──────── DATA EXCERPT

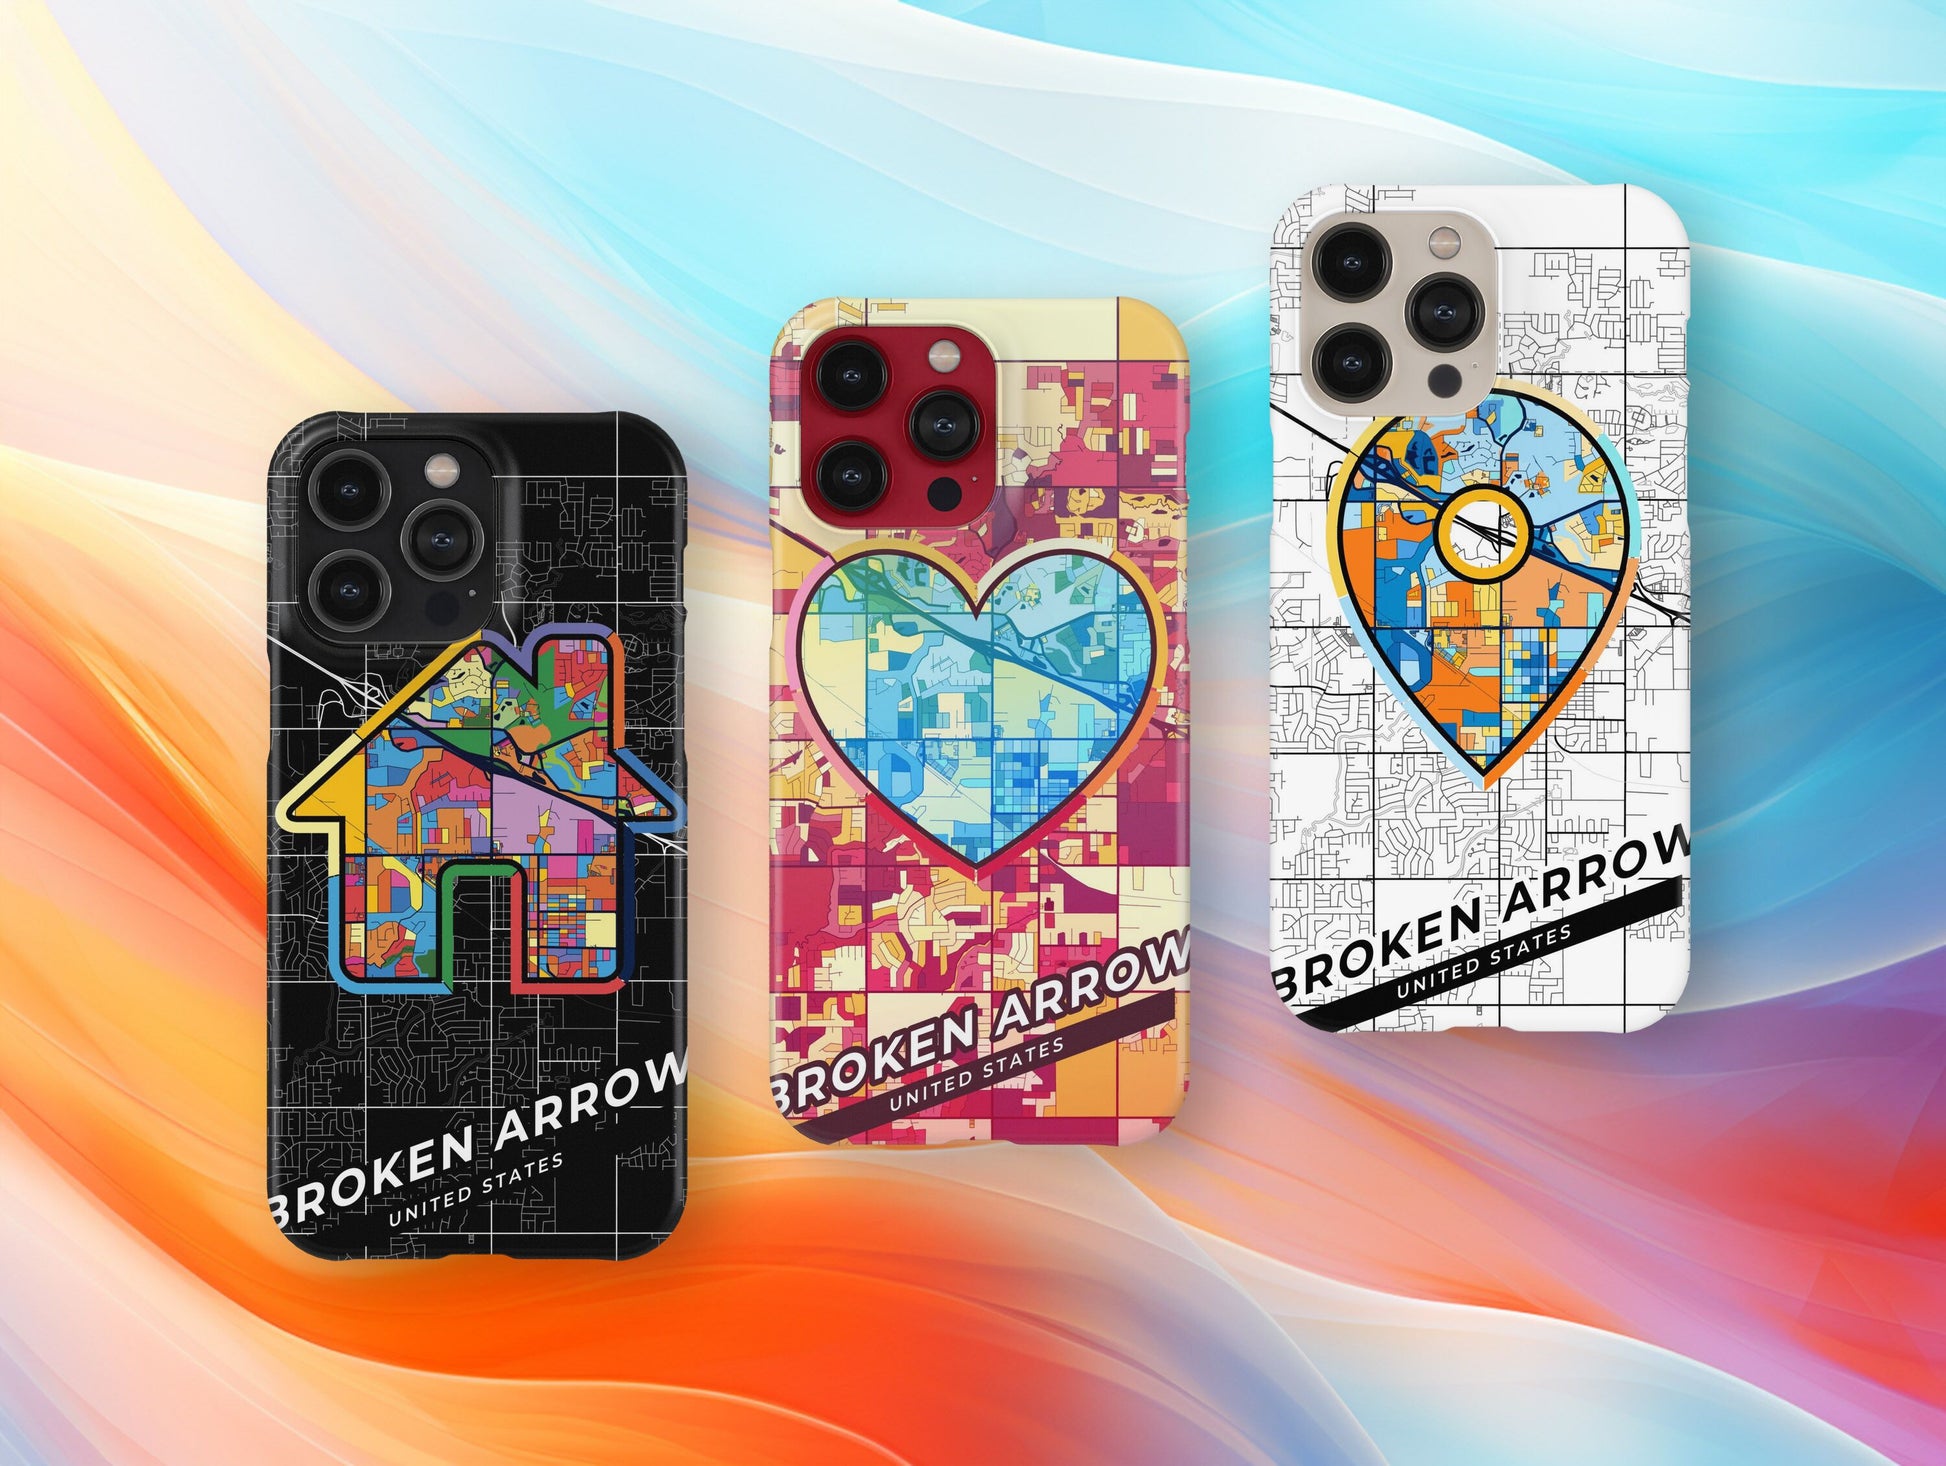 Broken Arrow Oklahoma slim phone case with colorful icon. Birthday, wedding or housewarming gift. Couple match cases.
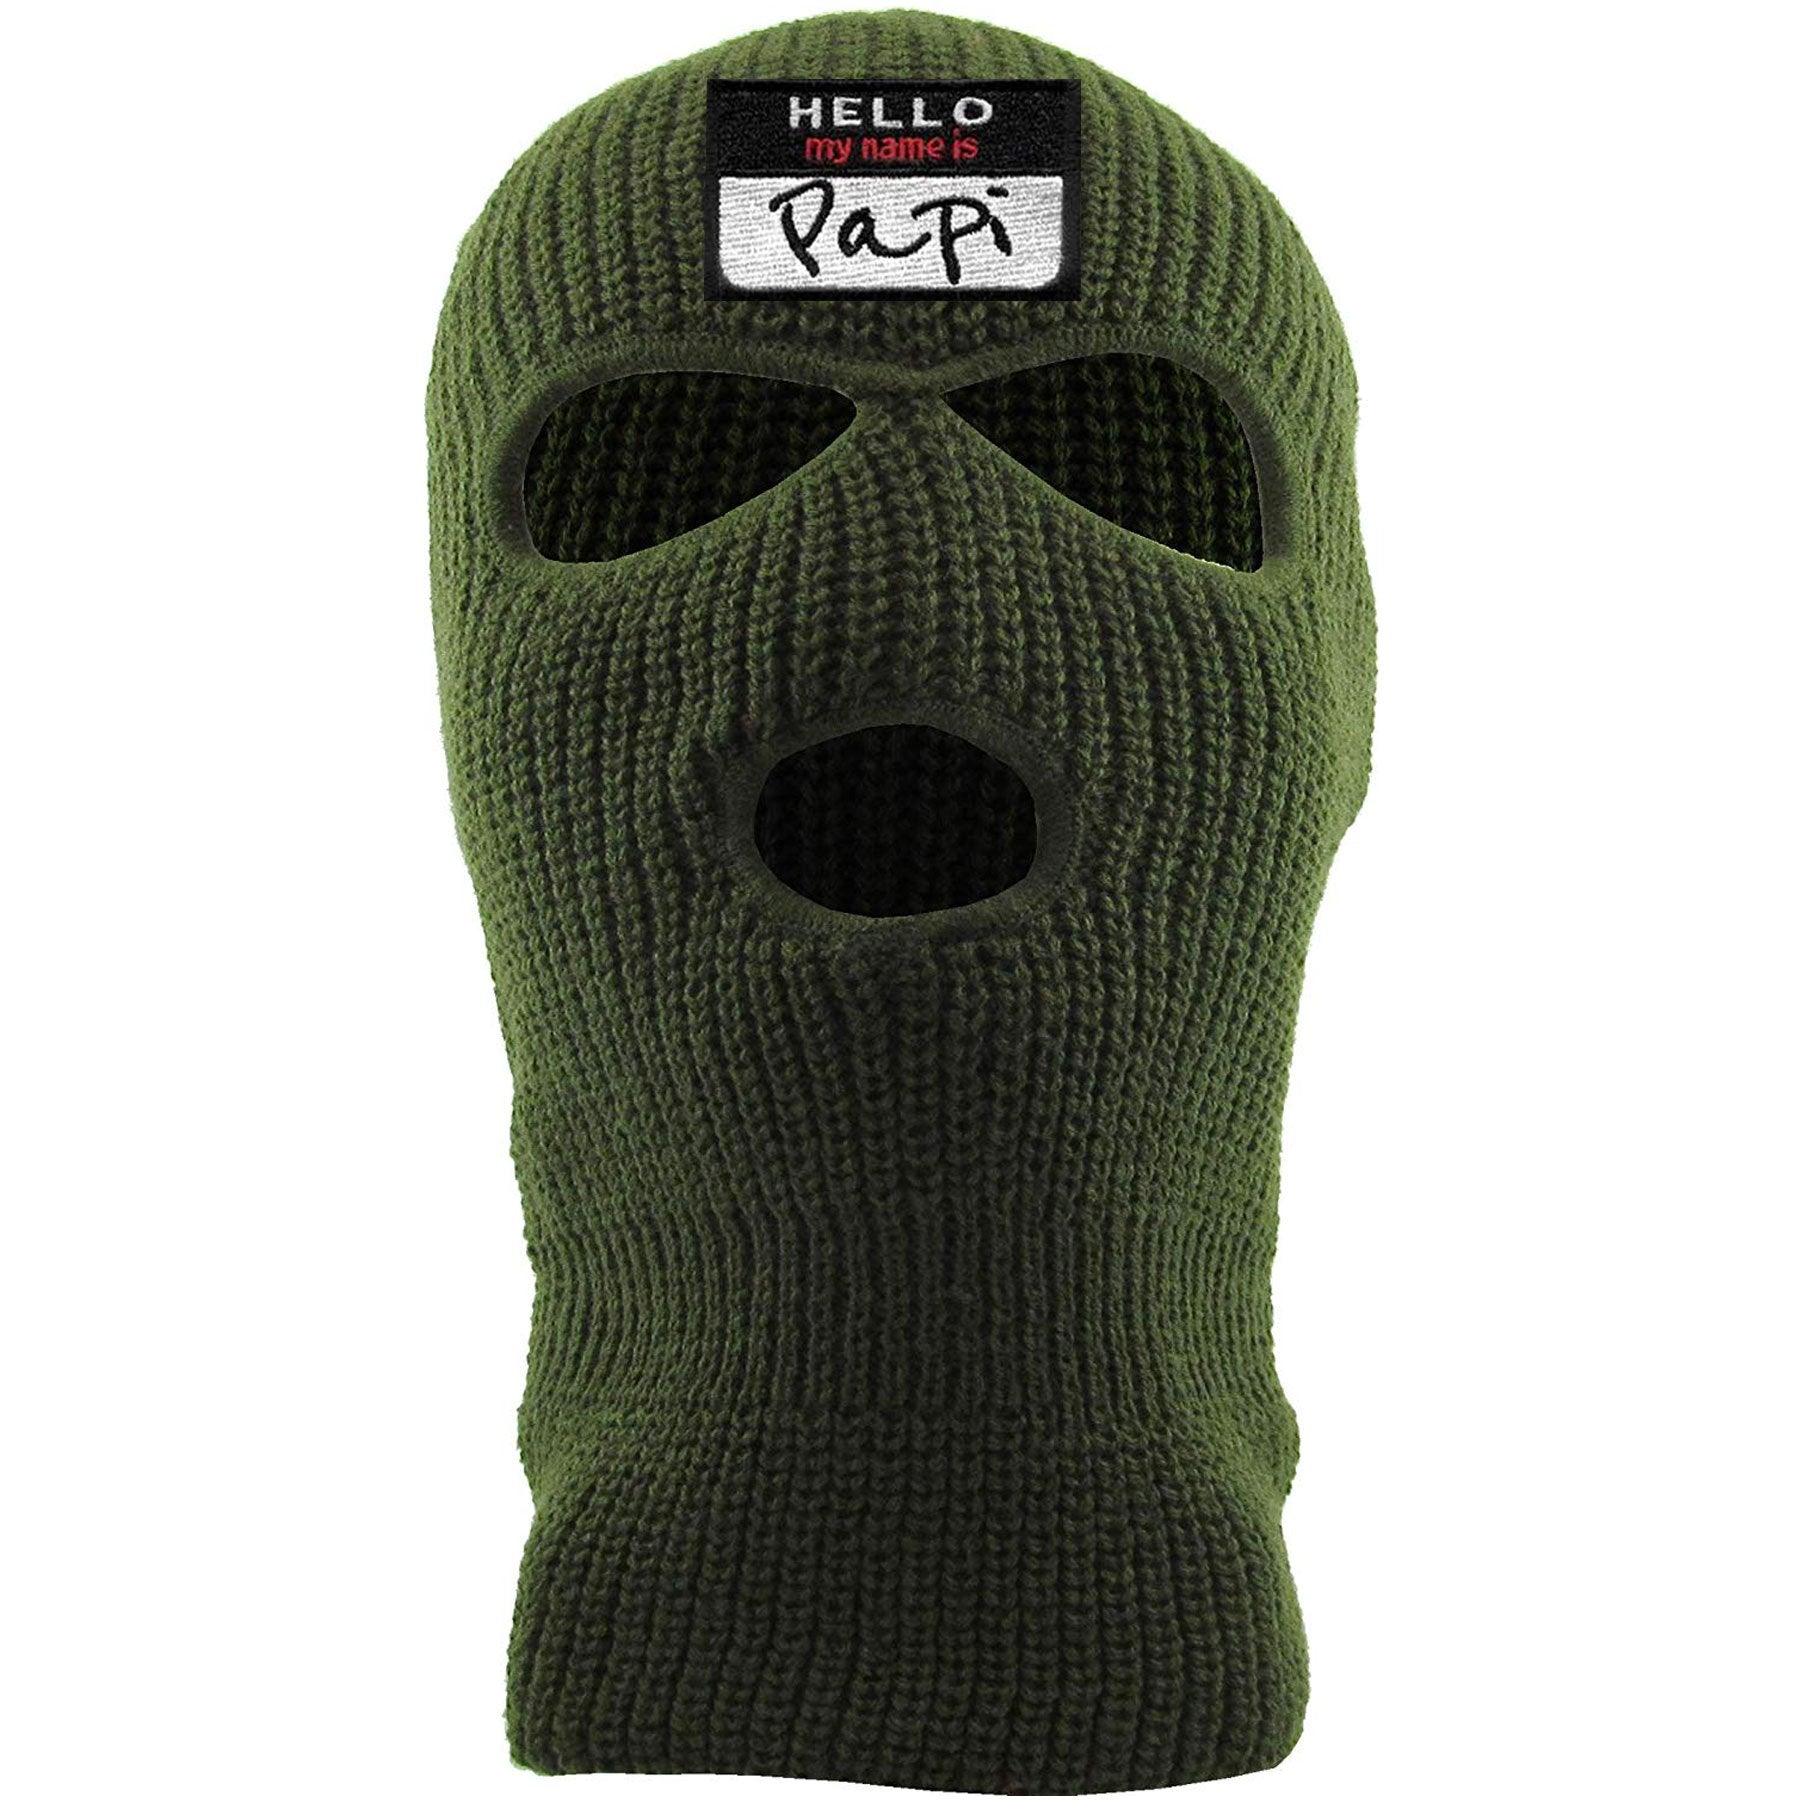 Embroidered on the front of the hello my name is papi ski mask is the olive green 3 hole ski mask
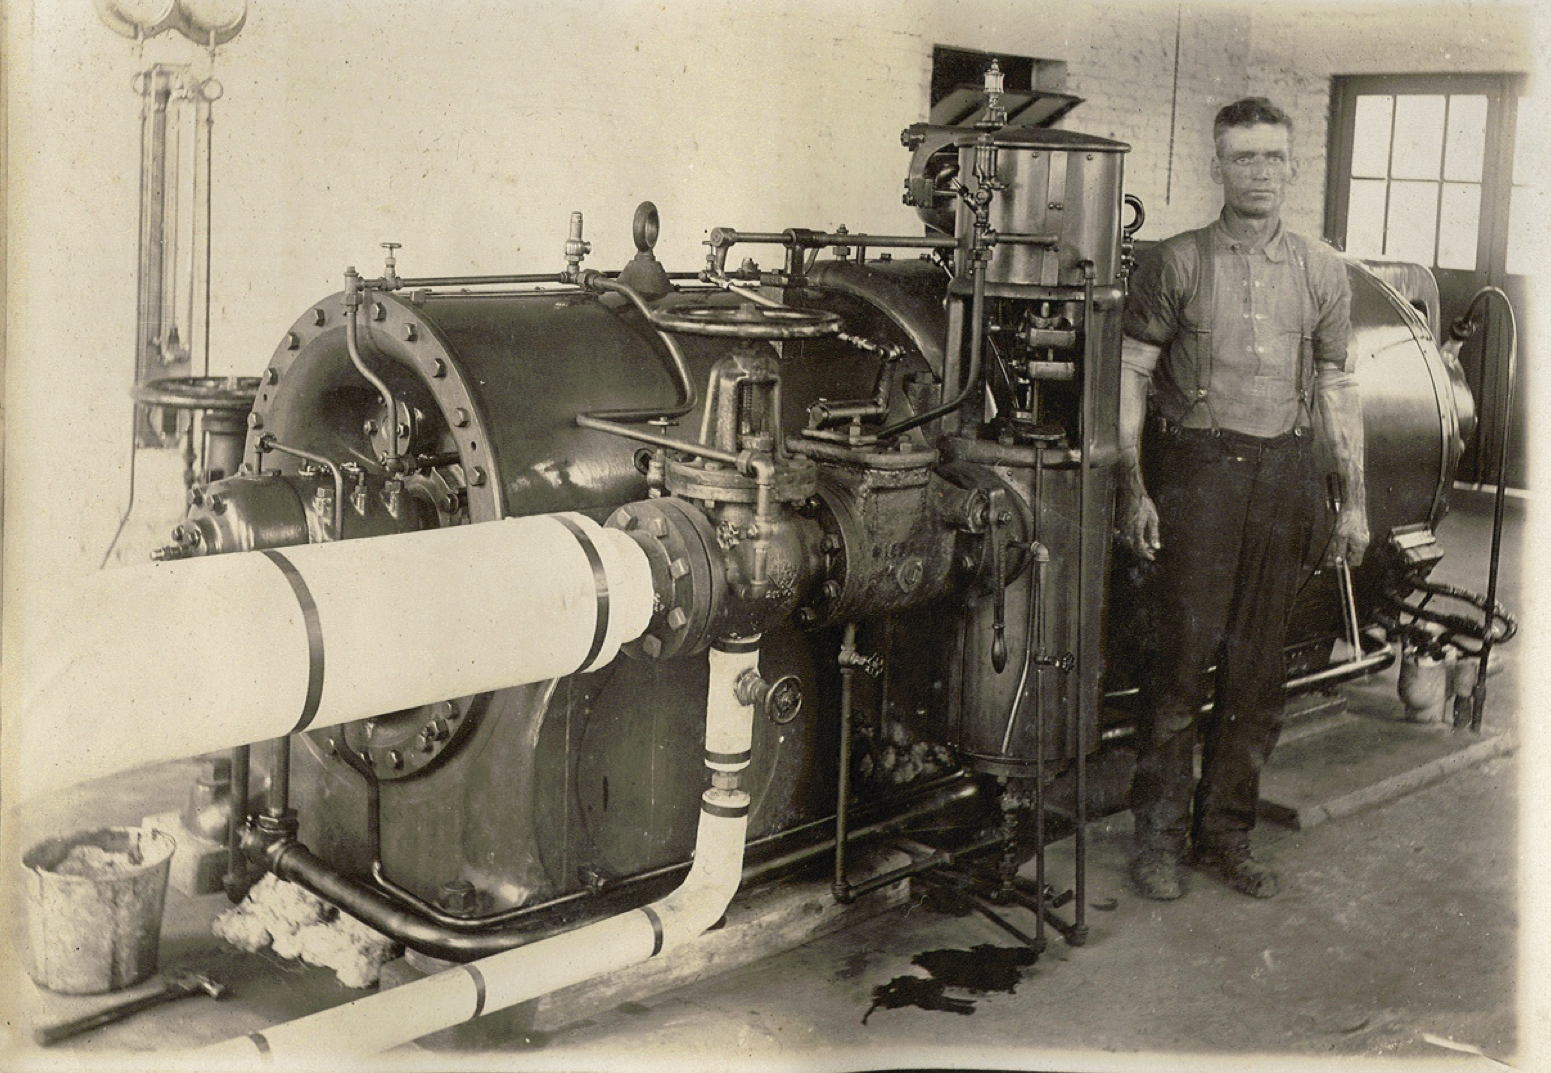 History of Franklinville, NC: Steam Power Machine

────────────────

_WORK REQUIRED_
Output all the material verbatim, skipping every image.

_EXPECTED ANSWER_
 Broken Arrow Oklahoma slim phone case with colorful icon. Birthday, wedding or housewarming gift. Couple match cases.
 Embroidered on the front of the hello my name is papi ski mask is the olive green 3 hole ski mask
 History of Franklinville, NC: Steam Power Machine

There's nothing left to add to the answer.